For the wrath of God is revealed from heaven against all ungodliness and unrighteousness of people, who through unrighteousness hold back [suppress] the truth. This is because that which is known about God is visible to them. For God has enlightened them. For his invisible qualities, namely his eternal power and divine nature, have been clearly seen, ever since the creation of the world, in the things that have been made. So they are without excuse. This is because, although they knew about God, they did not glorify him as God, nor did they give him thanks. Instead, they became foolish in their thoughts, and their senseless hearts were darkened. They claimed to be wise, but they became foolish. They exchanged the glory of the imperishable God for the likenesses of an image of perishable man, of birds, of four-footed beasts, and of creeping things.
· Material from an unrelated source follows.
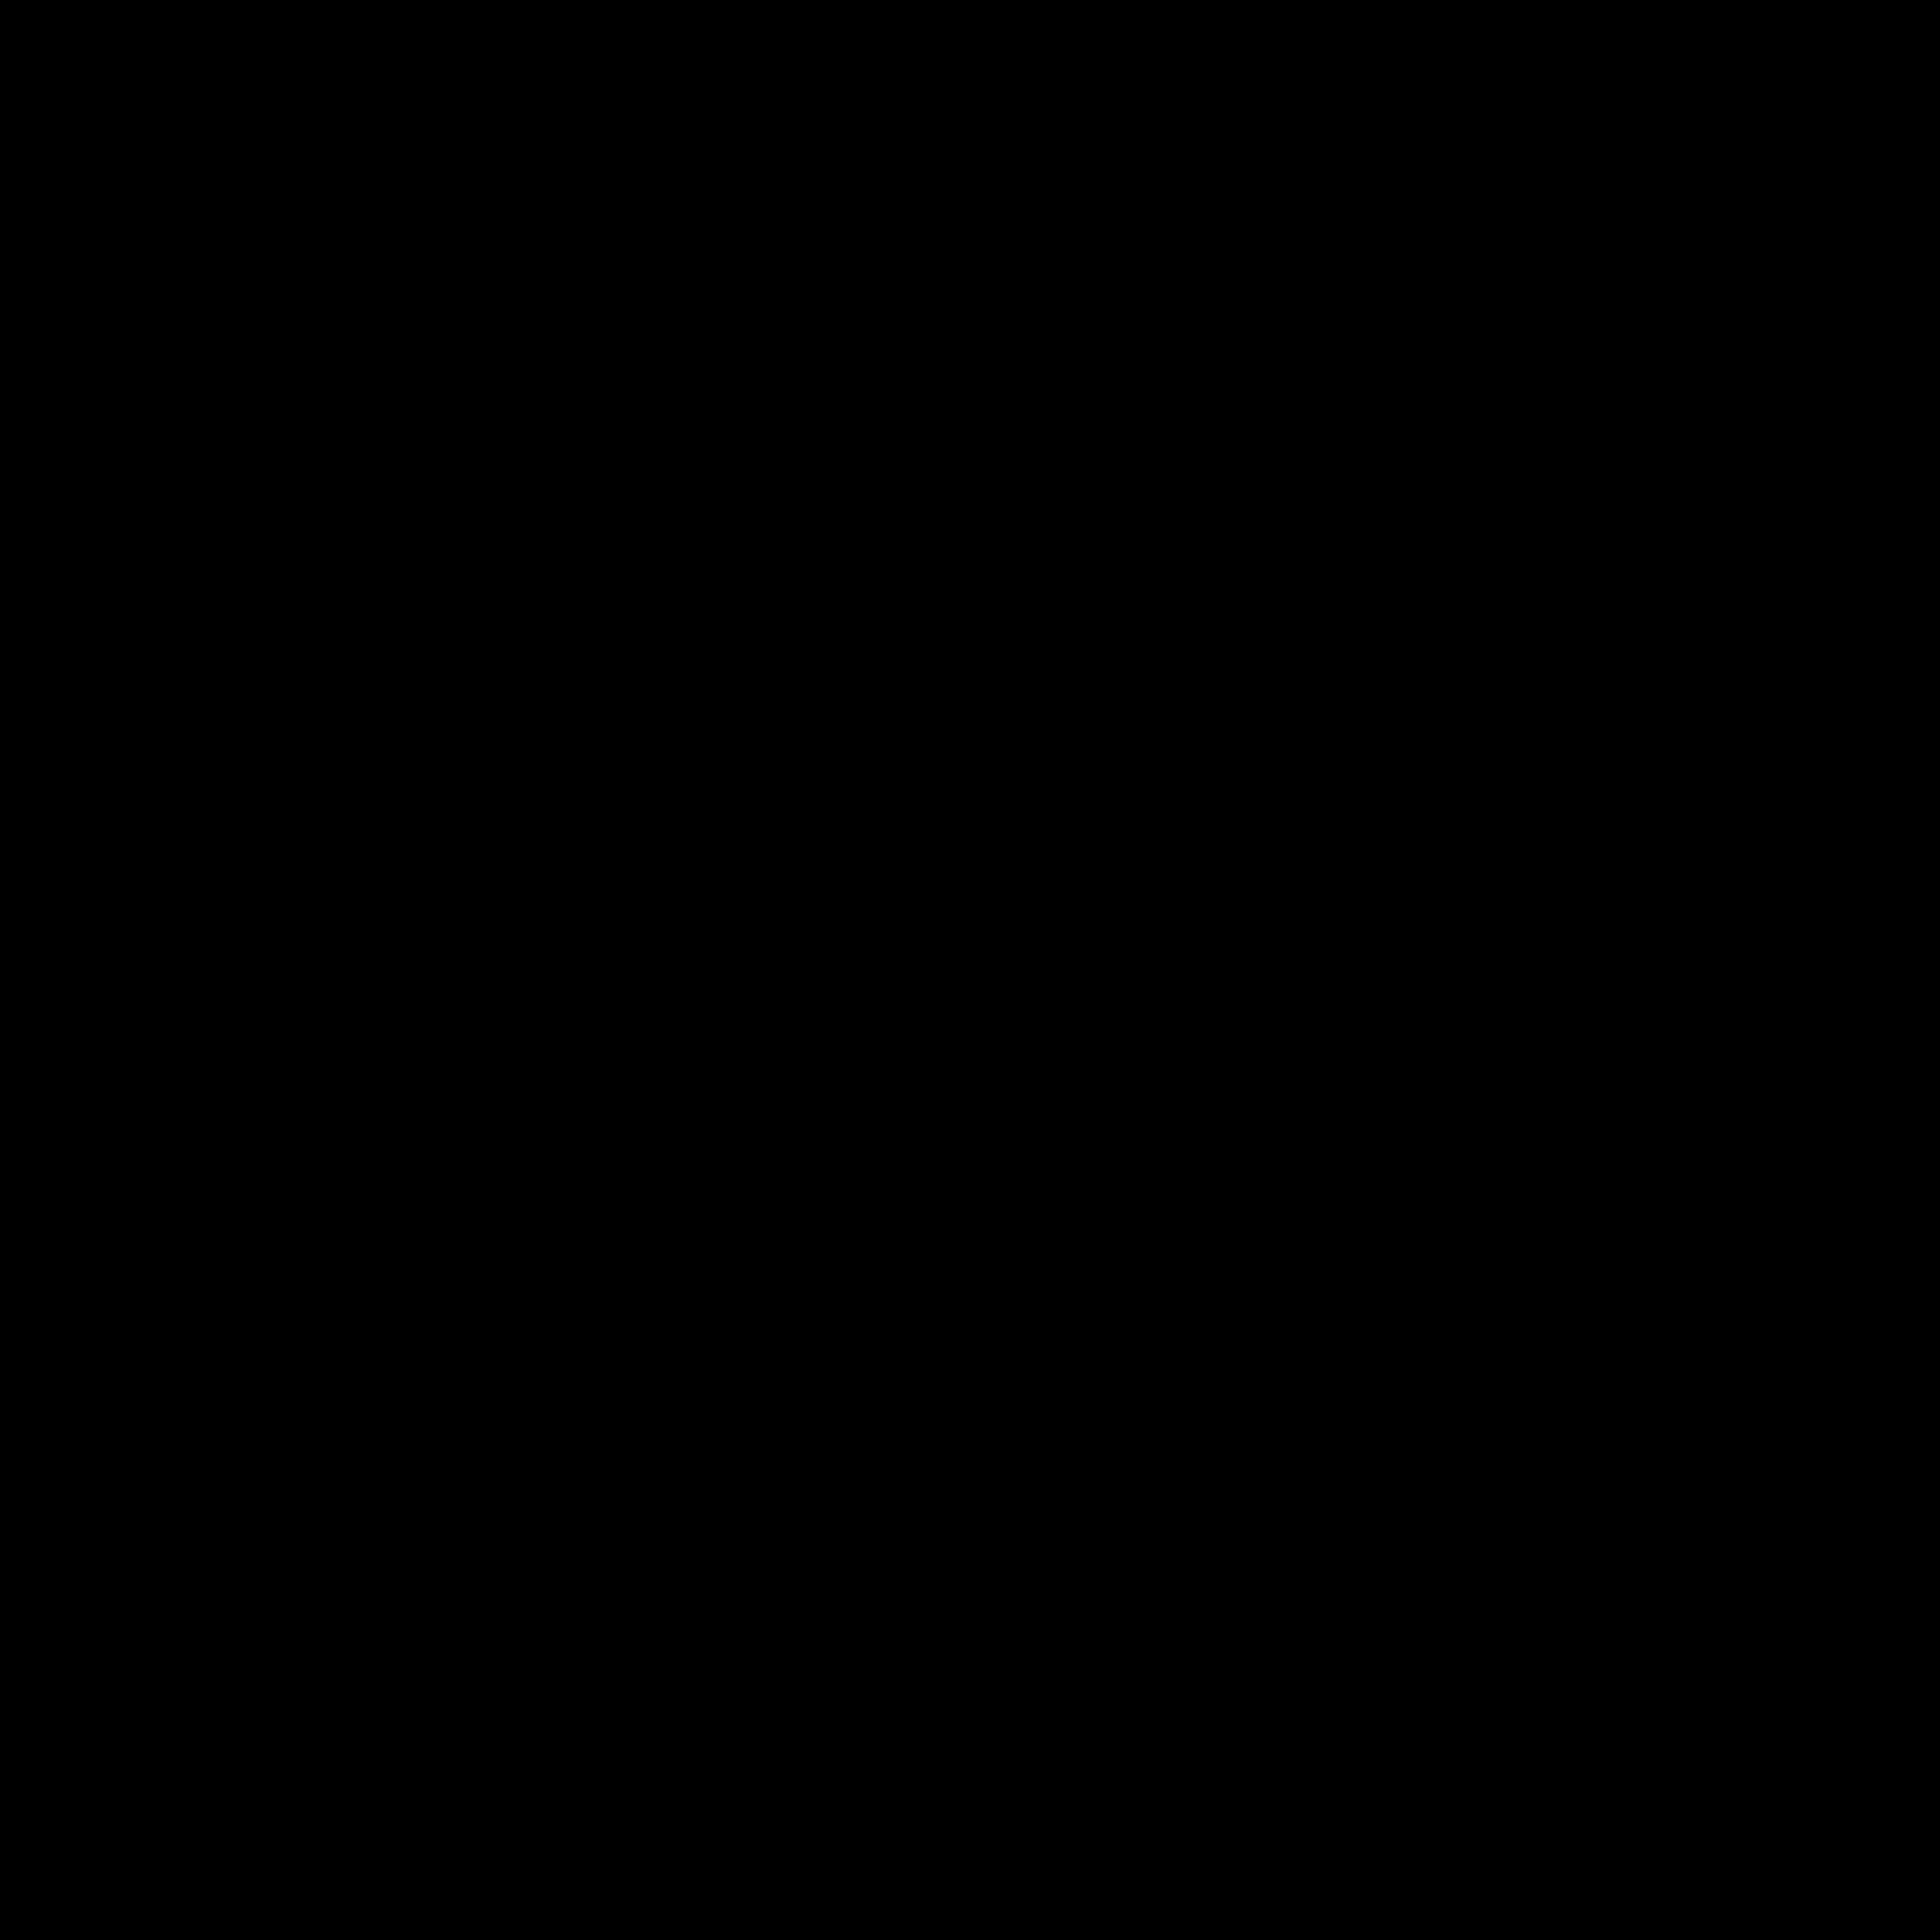 Sun Clip Art Outline - Sunshine Emoji Black And White

Therefore God gave them over to the lusts of their hearts for uncleanness, for their bodies to be dishonored among themselves. It is they who exchanged the truth of God for a lie, and who worshiped and served the creation instead of the Creator, who is praised forever. Amen (Romans 1:18–25).

Purpose is the starting point of Christian economic analysis: how and why people act economically. Economics is the study of a specific form of human action. What is called economic science is a narrow theory of how and why people act in the judicial context of the market process, which is a gigantic action that is governed by the judicial principle of high bid wins.

Austrian School economics is by far the most forthright in basing its economic analysis on human purpose. This is why it is the closest school of humanistic economics to Christian economics. Rival schools of economics share its humanistic presuppositions about God, man, law, sanctions and time, but they do not share its purpose-based methodology, at least not to the same degree. To this extent, they are less faithful to economic causation. But all schools of academic economic thought rely on a theory of causation that silently invokes impersonal cosmic evolution, impersonal human evolution, and atheism. To this extent, they are all wrong. They begin with a false presupposition about creation. Therefore, they cannot logically end with an accurate assessment of the way the world works. Cornelius Van Til used an analogy of a series of buzz saws that are set at incorrect angles. None of them can cut straight. But the Austrian School’s buzz saw is closer to the biblical angle than the other schools of opinion on the issue of the centrality of purpose in economic analysis.